Give again, word for word, the lines below that run from the line with "Actress Olivia Williams, left, chats" through the line with "west-virginia-lease-agreement-templates-6". Drop the pictures.

## [DATASET ENTRIES]
****************

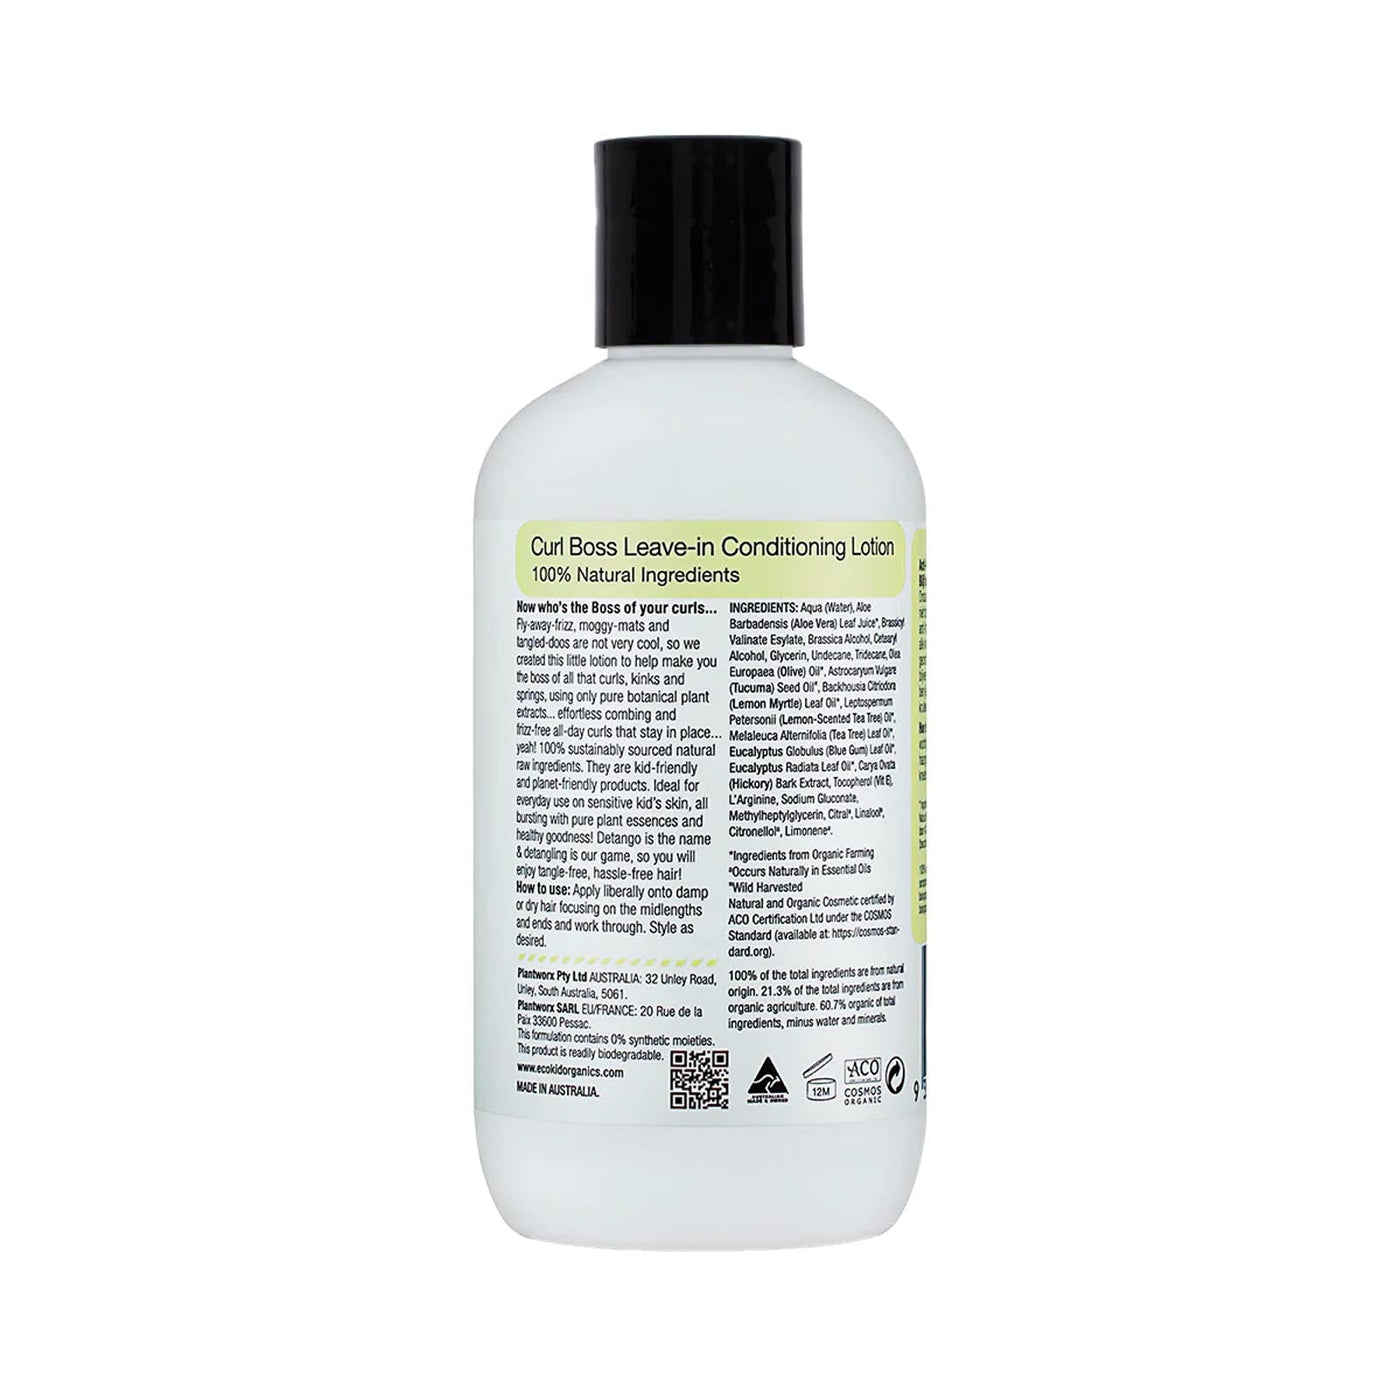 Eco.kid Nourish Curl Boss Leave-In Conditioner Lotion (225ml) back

****************

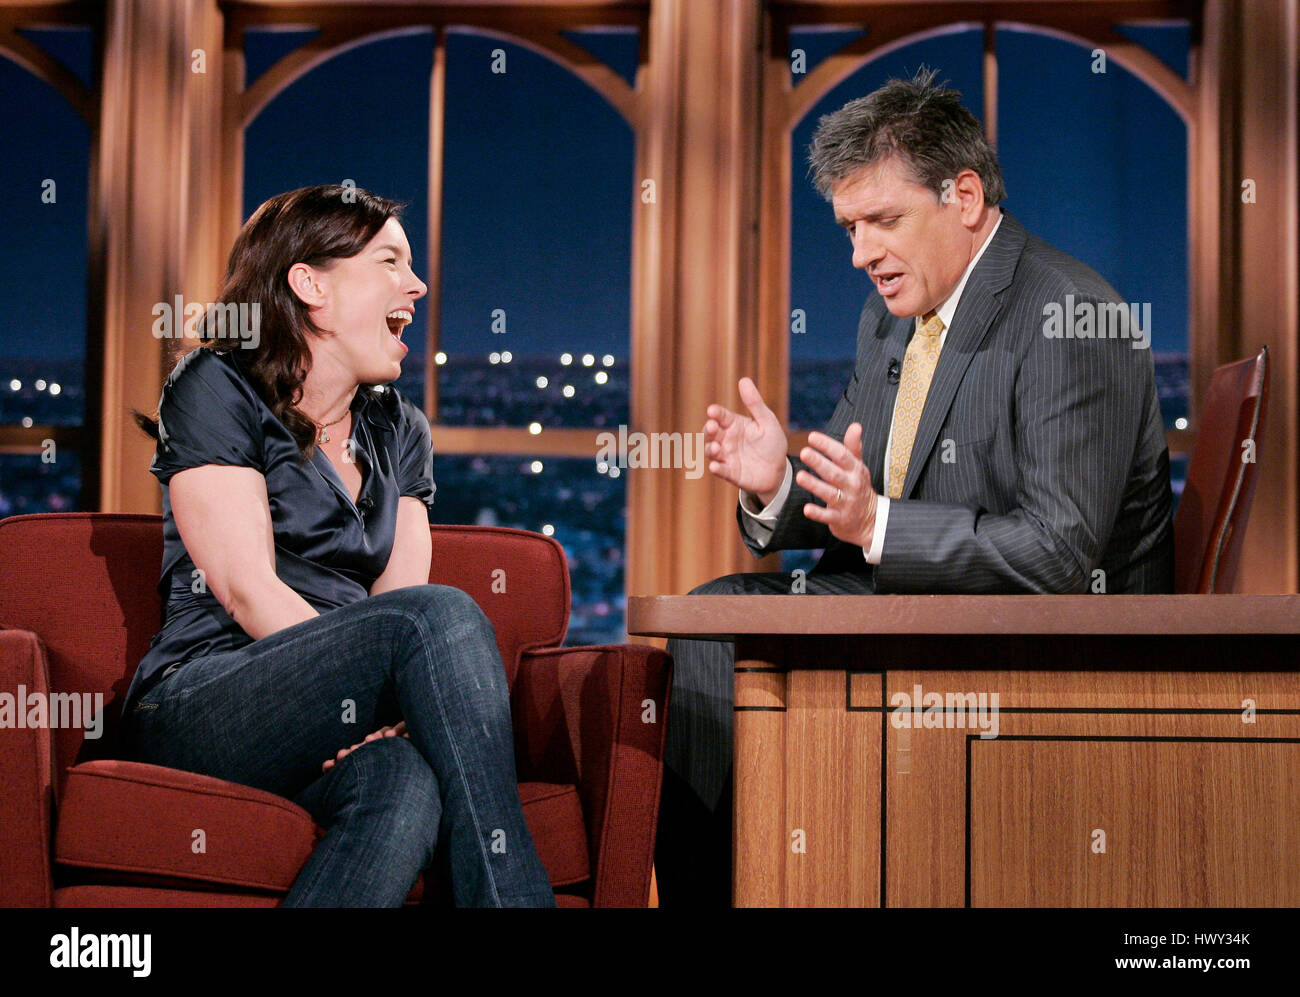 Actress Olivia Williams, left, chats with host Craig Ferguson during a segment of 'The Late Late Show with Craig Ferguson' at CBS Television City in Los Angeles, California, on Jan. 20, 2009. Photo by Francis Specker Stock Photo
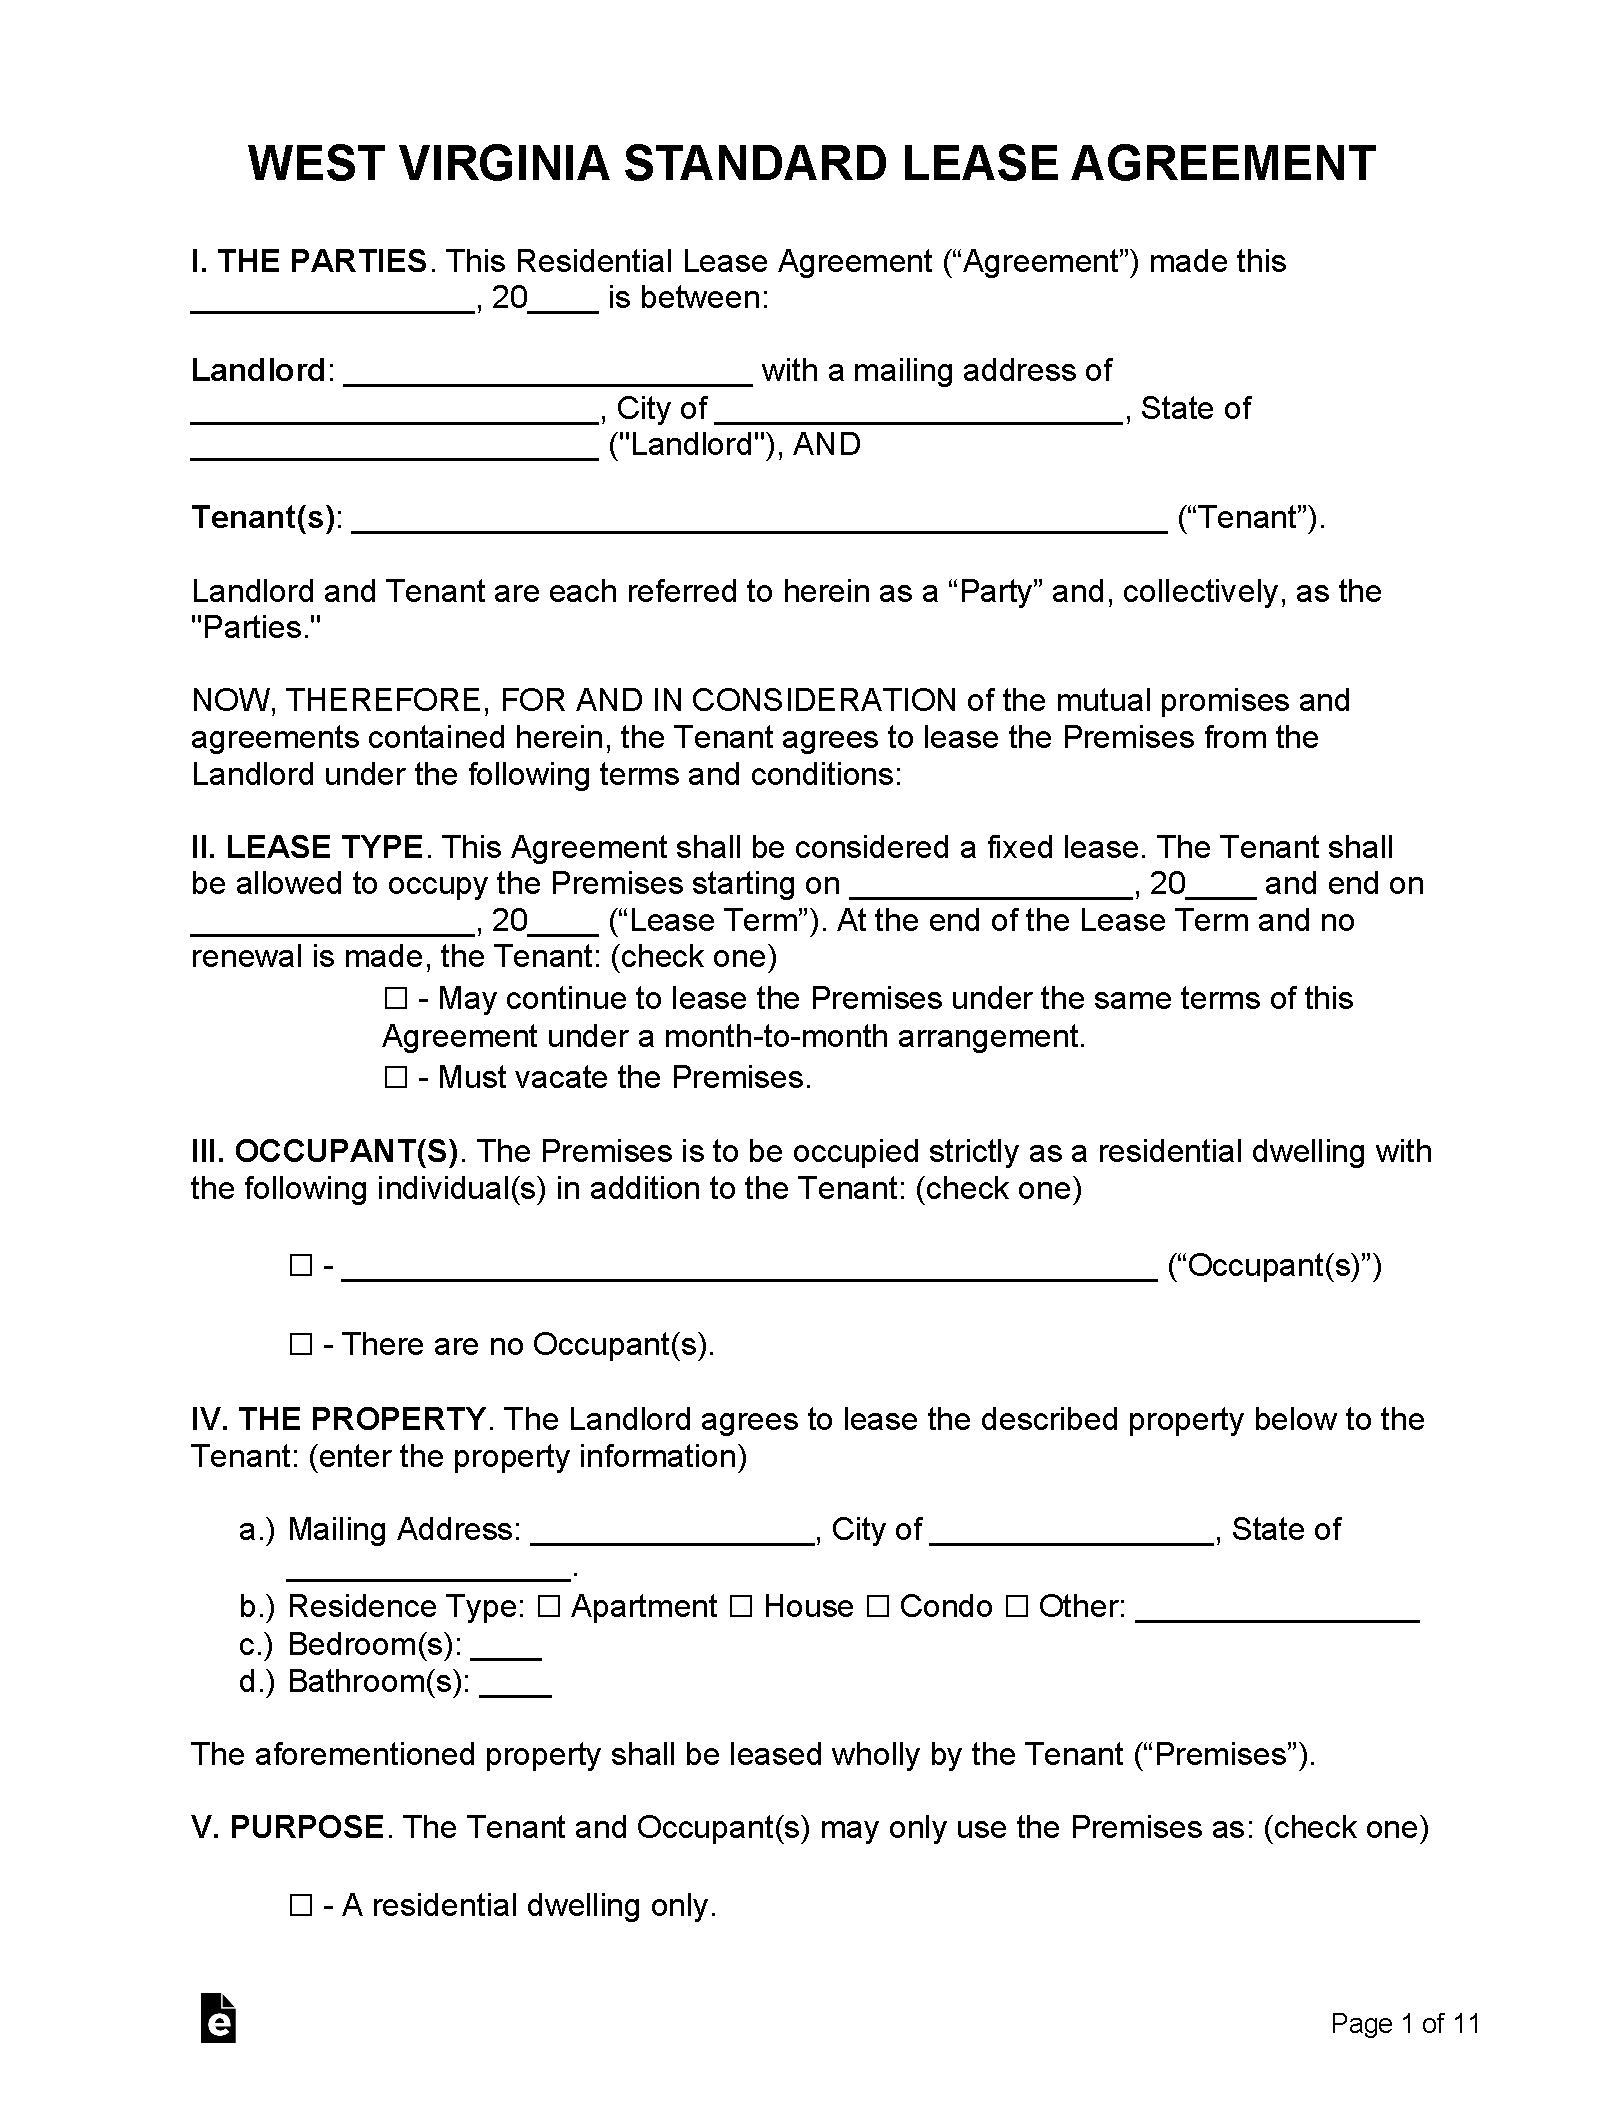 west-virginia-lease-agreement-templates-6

****************

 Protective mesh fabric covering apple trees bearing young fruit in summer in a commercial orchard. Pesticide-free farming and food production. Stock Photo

****************

## [FINISHED TASK]
 Actress Olivia Williams, left, chats with host Craig Ferguson during a segment of 'The Late Late Show with Craig Ferguson' at CBS Television City in Los Angeles, California, on Jan. 20, 2009. Photo by Francis Specker Stock Photo
 west-virginia-lease-agreement-templates-6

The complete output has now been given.